第一天的白米饭,是婆婆给新媳妇的“见面礼”。
明天开始,就没有白米饭了。
晚上,秀兰躺在灶房的木板床上,没有睡着。
灶房很冷。墙上有裂缝,风从缝里钻进来,呜呜地响。被子很薄,是婆婆给的一床旧棉被,棉花已经硬了,盖在身上不贴肉,风从被子下面灌进来,冷得她直发抖。
她把被子裹紧,缩成一团。
手心里还有劈柴磨出的水泡,破了的地方火辣辣地疼。
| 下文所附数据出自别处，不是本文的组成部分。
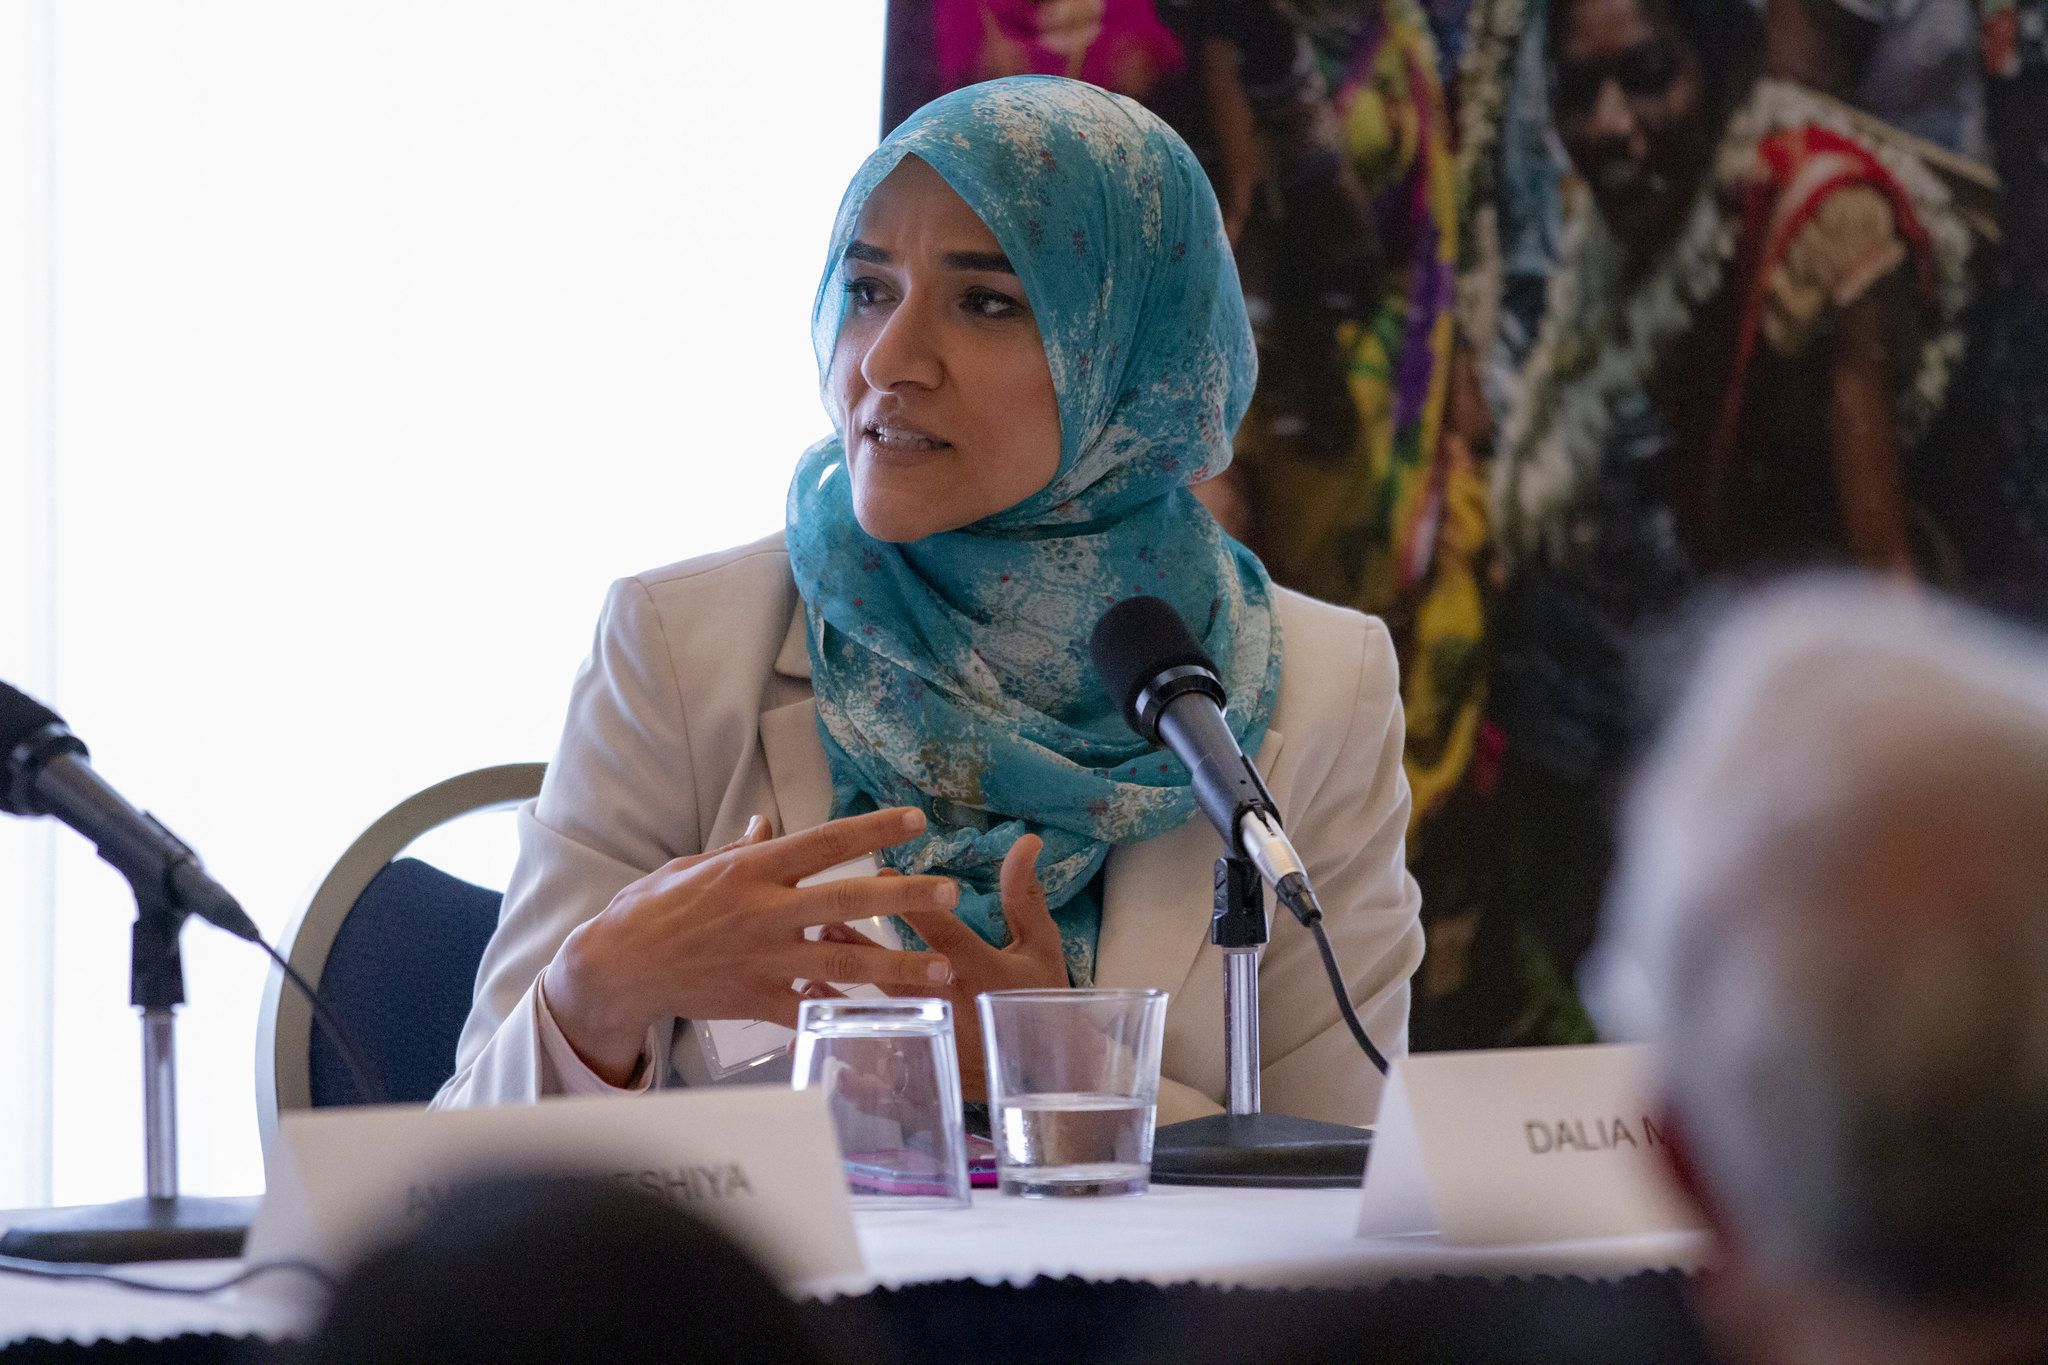 Dalia Mogahed addresses an audience member at the “Beyond Religion” conference. Image by Jin Ding. Washington, D.C., 2019.

肩膀也被扁担压得又红又肿,碰一下就疼。
她闭上眼睛,想睡觉。但睡不着。
她听见堂屋那边有说话声。公公和婆婆在说话,声音不大,她听不清。过了一会儿,声音停了。灯灭了。整个院子黑了下来,只有灶膛里的火星还在亮着,一闪一闪的。
秀兰把手伸到枕头底下,摸到那面铜镜。
铜镜凉凉的,沉沉的。她把铜镜拿出来,贴在脸上。
“奶奶,我到婆家了。”她轻轻说。
铜镜不回答。
“婆婆让我住灶房。跟咱家一样。”
铜镜还是不回答。
“今天吃了白米饭。好久没吃白米饭了。”
秀兰停了一下。
“奶奶,我想你。”
她的声音在空空的灶房里回荡。没有人听见。
风从墙缝里钻进来,呜呜地响,像是在替铜镜回答。
秀兰把铜镜放回枕头底下,翻了个身,面朝墙壁。
墙壁是土夯的,冰凉冰凉的。她把脸贴在墙上,冰得她打了个哆嗦。
但她没有动。
她就这样贴着冰凉的墙,闭着眼睛。
她想:明天,明天会好的。
她不知道,明天不会好。
但明天,她会活下去。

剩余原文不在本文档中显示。